The next Rath is Arjuna’s Rath. This one is dedicated to Lord Shiva. This has a small portico and carved pillar stones. Inside the shrine, there are no inscriptions or figures whereas, on the outer walls, there are carvings of gods and humans. A panel on the northern wall is carved with two door-keepers. Beautiful carvings of Lord Vishnu and a Garuda on One panel and the other panel with a couple. The eastern wall is carved with a double Dwarka-Palace, in the middle wall the portrait of Lord Indra riding an elephant, a log standing of the left with his disciples, and two beautiful women are perfectly chiseled out. These beautiful carvings have been praised by many poets. There is also a figure of Nandi bull – which is still left unfinished.
NAKUL – SAHADEV’S RATH
In front of Arjuna’sRath is the Nakula – Sahadev Rath. This is a double decored building, dedicated to Lord Indra – the God of Rain. As in Greek and Roman mythologies, where there are different gods for various aspects and qualified, the Indian mythologies too lane assigned specific gods for different aspects. There is some proof depicting this Ratha to which might have been dedicated to Subramanya associated with elephants. The elephant’s shaped sculptures face towards the sea. One who eaters the Panch Rathas can visualize the back portion of the elephants and it named Gajaprishthakara which means elephant’s backside.
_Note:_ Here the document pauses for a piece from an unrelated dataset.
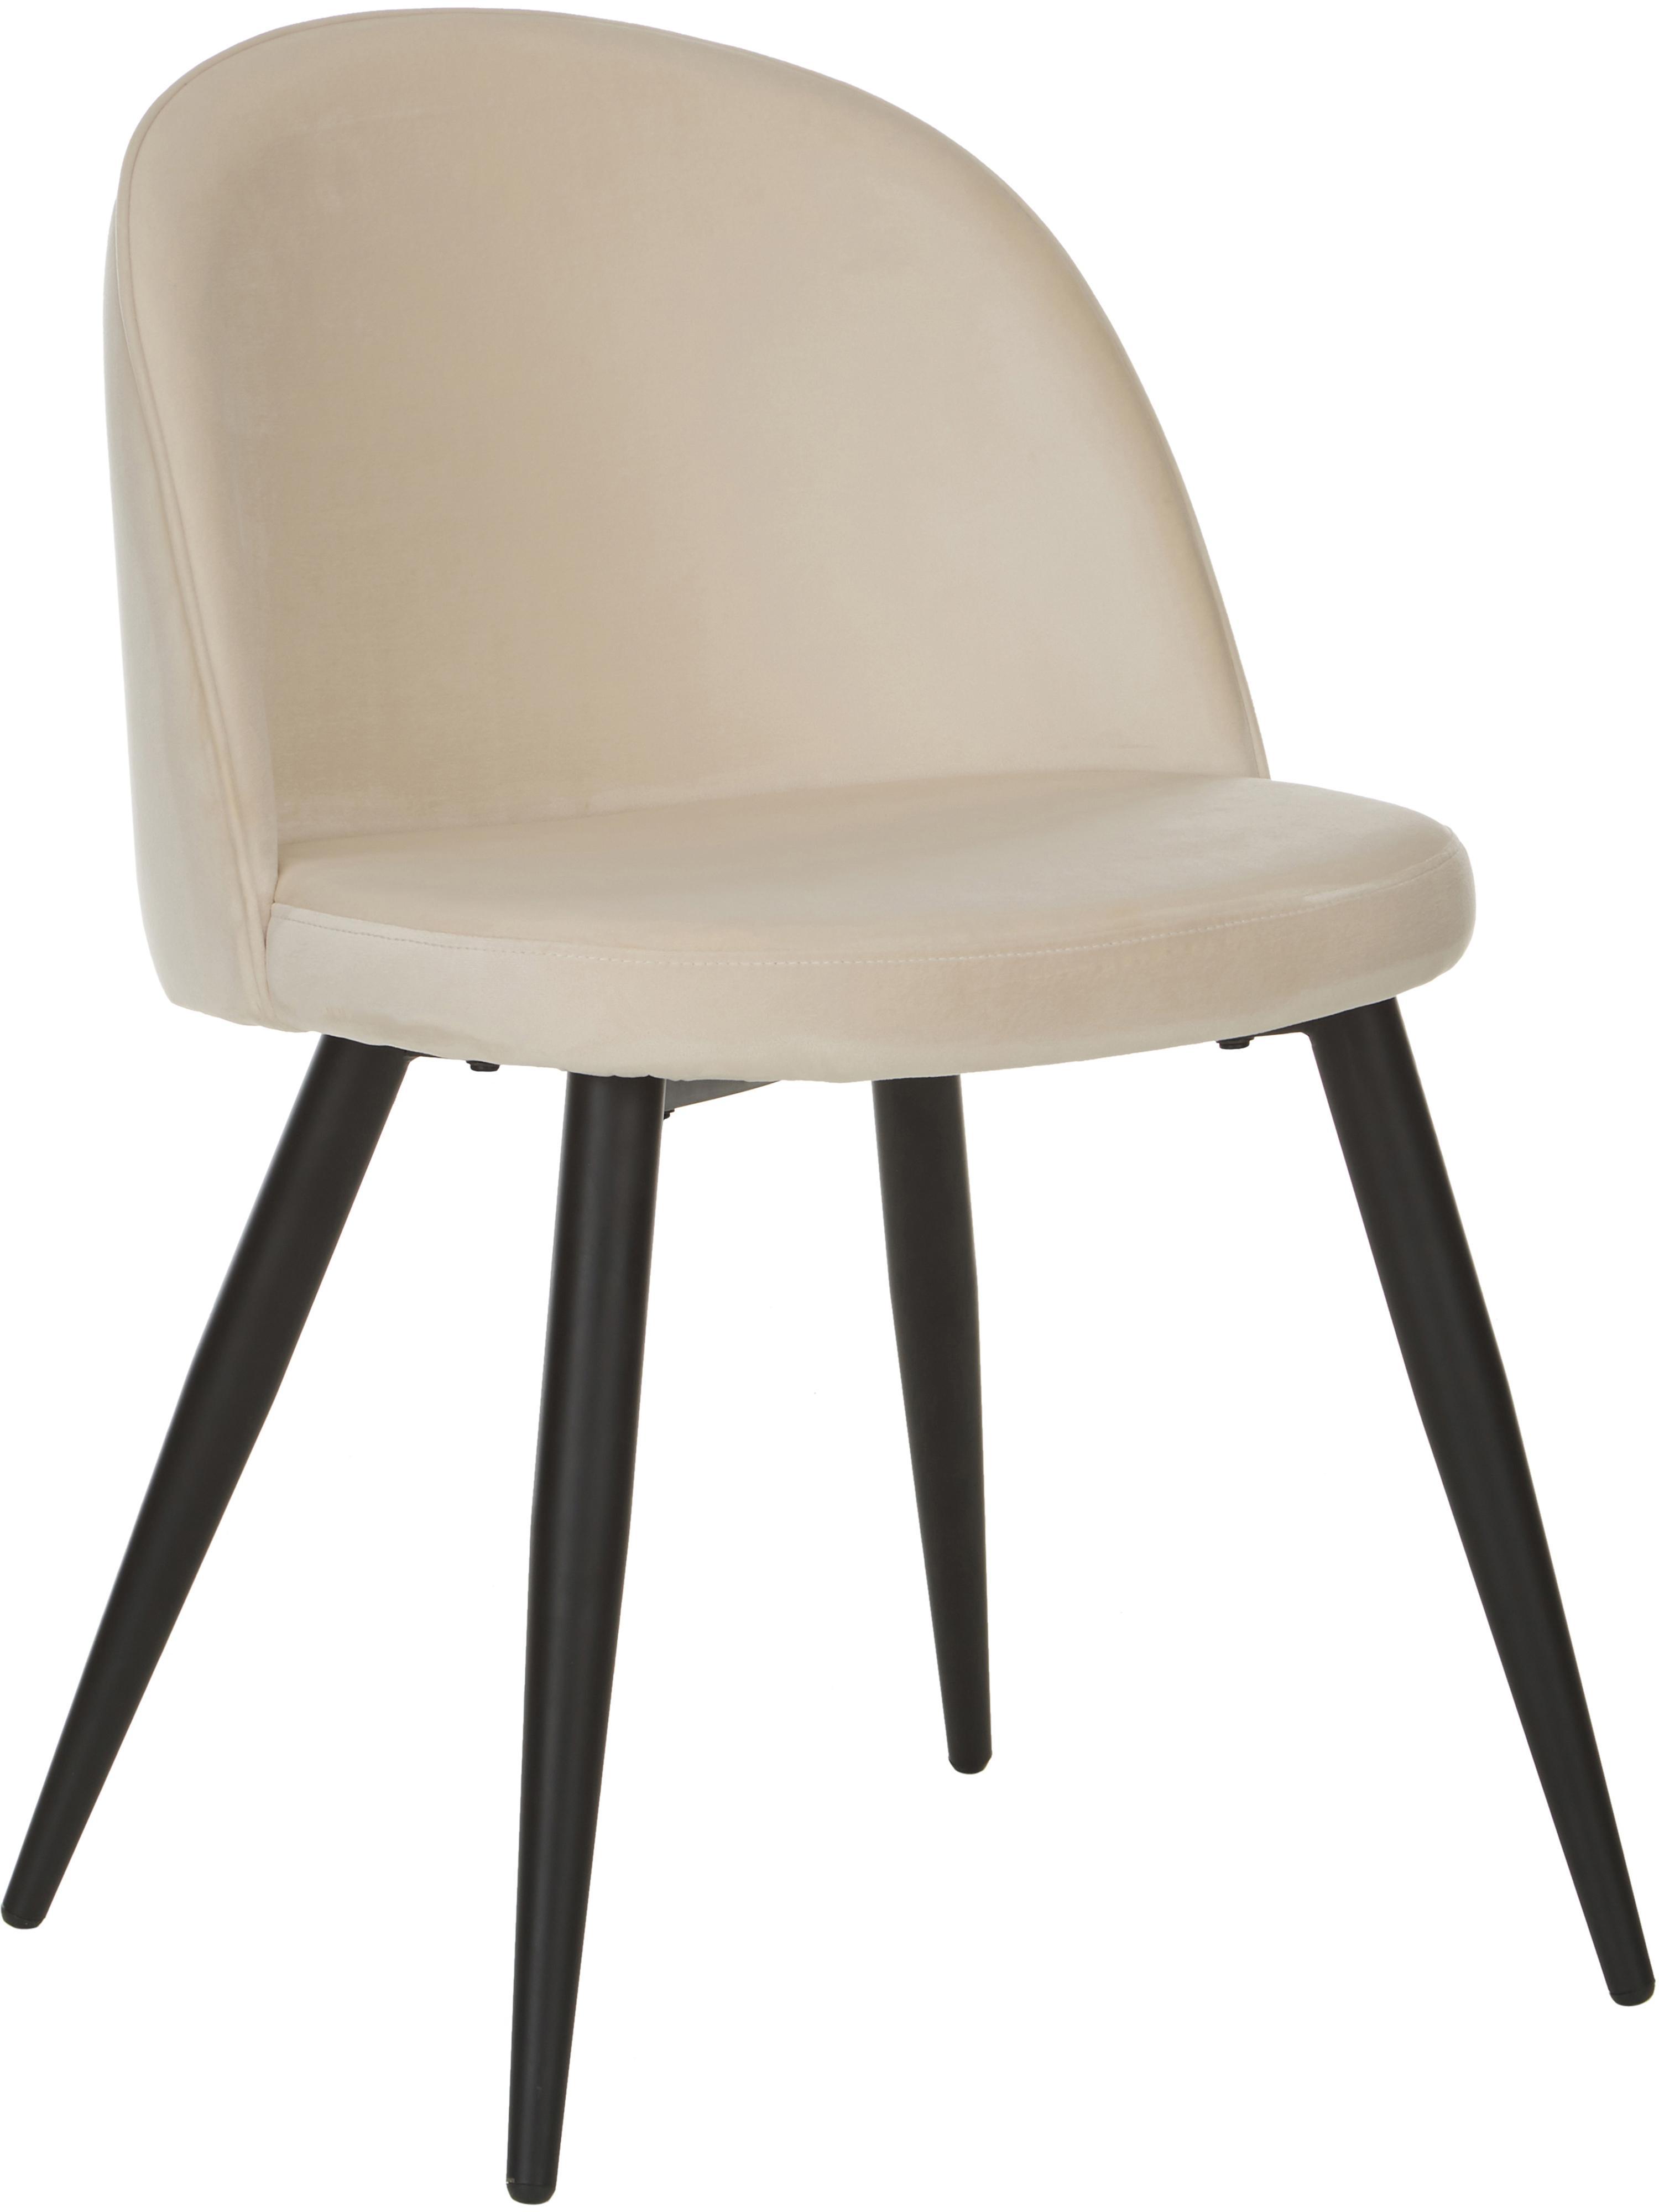 Sedia imbottita in velluto Amy 2 pz, Rivestimento: velluto (poliestere) 25.0, Gambe: metallo verniciato a polv, Bianco crema, Larg. 51 x Prof. 55 cm

The elephant sculptures are huge and are highlights of the PanchRaths.
This Ratha is faced towards the west and this is laid third of the Rathas. The shrine is gorgeous as it measures 42 ft in length, 24ft in width, and 25ft in height. The pillars are lion carved whereas the other parts are plain. This Ratha too is an incomplete one. In the epic Mahabharata Bhima, the huge guy is bulky and strong he is fond of eating all the time.
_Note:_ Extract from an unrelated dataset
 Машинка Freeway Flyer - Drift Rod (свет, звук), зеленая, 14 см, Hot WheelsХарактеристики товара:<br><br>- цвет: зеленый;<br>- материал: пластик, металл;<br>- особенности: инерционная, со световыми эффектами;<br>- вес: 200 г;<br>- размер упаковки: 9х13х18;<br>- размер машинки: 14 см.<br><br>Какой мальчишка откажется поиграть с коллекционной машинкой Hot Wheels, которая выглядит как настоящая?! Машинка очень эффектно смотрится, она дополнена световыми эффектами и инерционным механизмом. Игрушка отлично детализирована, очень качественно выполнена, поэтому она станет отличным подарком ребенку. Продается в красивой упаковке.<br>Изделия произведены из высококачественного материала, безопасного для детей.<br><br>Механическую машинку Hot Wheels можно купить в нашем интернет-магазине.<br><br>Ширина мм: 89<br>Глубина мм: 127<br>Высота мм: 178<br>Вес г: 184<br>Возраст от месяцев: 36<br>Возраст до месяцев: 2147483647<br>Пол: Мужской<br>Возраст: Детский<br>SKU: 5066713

DHARMARAJA YUDHISTAR’S RATH
Of all the five Rathas, this last one stands huge. It is named after the eldest of the Pandavas. Innovative and well-carved designs can be seen in this Rath. This resembles the Arjuna’s Rath and it is a perfect example of the later built South Indian Temples. This Rath is also dedicated to Lord Shiva like that of Arjuna’sRath. The ground floor is incomplete. Above the ground floor stands a minutely designed double floor. The peculiarity in this monumental construction is that there is no stair route from the ground floor to the first floor, but, therein stairs from the first floor to the second floor. There are eight panels on the ground floor. One panel is carved with the portrait of the kind and the rest with gods and goddesses. On one particular wall, the figure of shiva is named ‘Ardhanariswarar’ which is the mixture of Shiva and Shakti. This is very attractive as one can find the manly structure and the luring female charm. Other portrayals show lord shiva as ‘Bhikshatana’ – meaning cosmic designer and the god of death.
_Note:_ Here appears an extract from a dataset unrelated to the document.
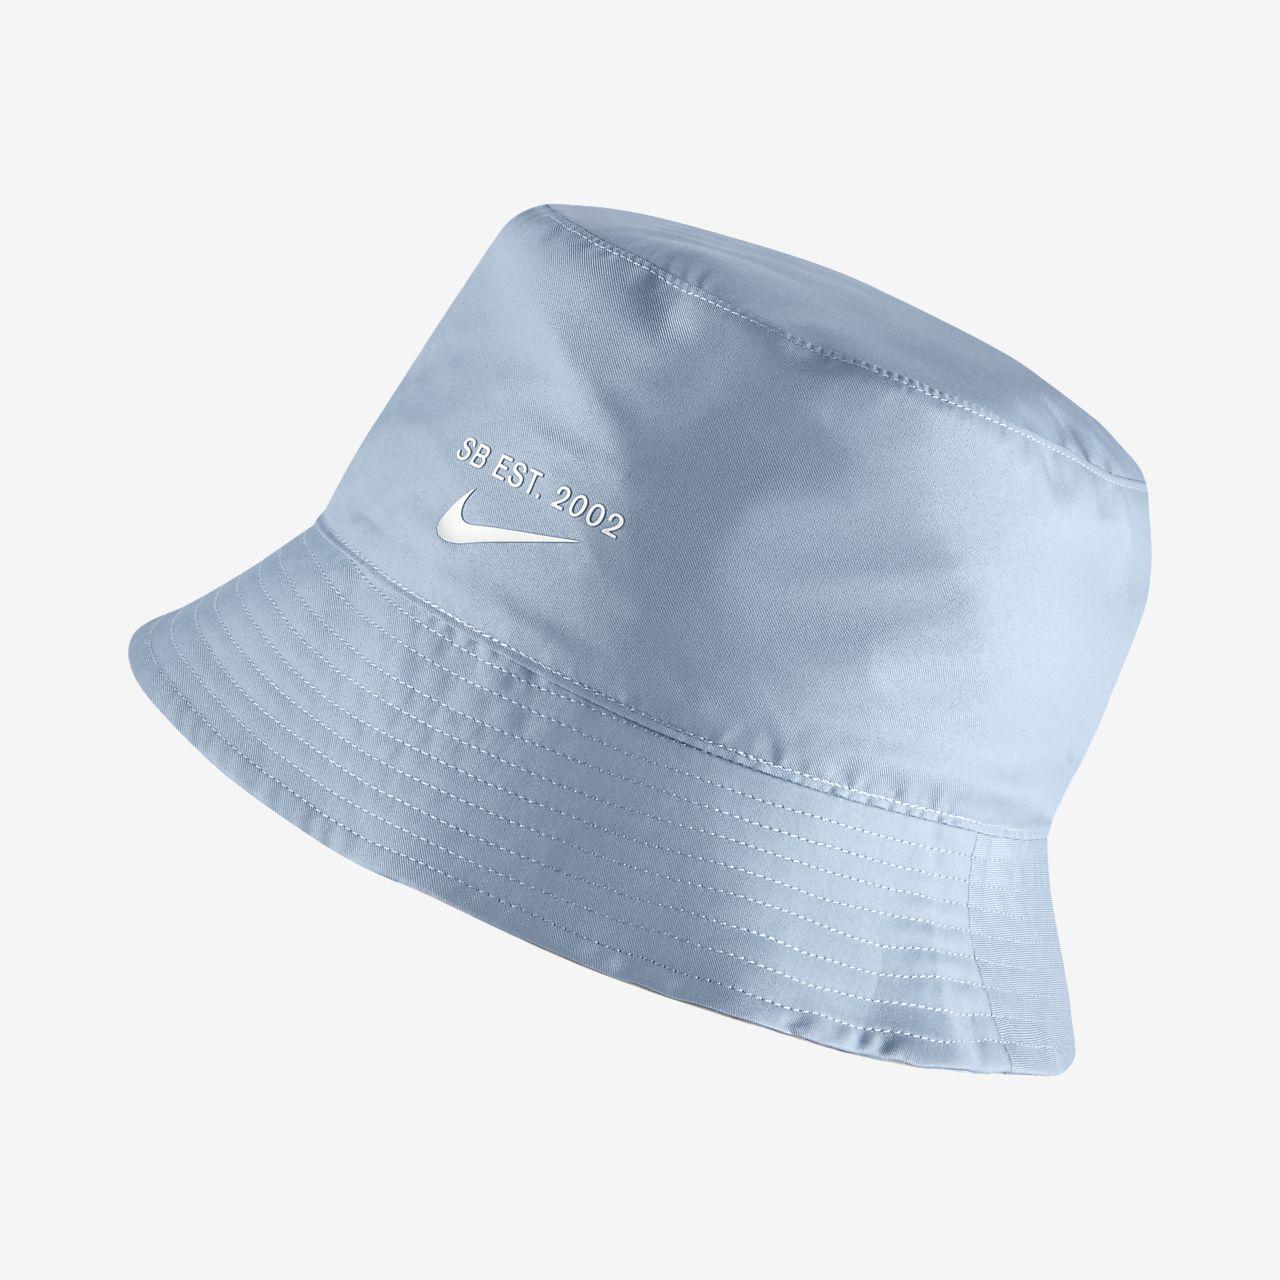 abdec993558b Nike SB Printed Skate Bucket Hat. Nike.com GB

Twenty-two carves are found on the first floor. There is no central pasteurization on the first floor. The portrait of Lord Krishna dancing on top of the fierce kaliya snake is depicted on the southern wall. Lord Vishnu’s portrayal is found on the Northern wall. Carving of a bearded ascetic holding a bell in his hands, a devotee with a tuft, holding a flower basket, a temple attendant with a bunch of keys, and carrying offerings to god are marvelously inscribed. The second floor is well carved. Figures of Dakshinamurthy, somaskanda, the sun the moon, and other worshippers all found on this floor.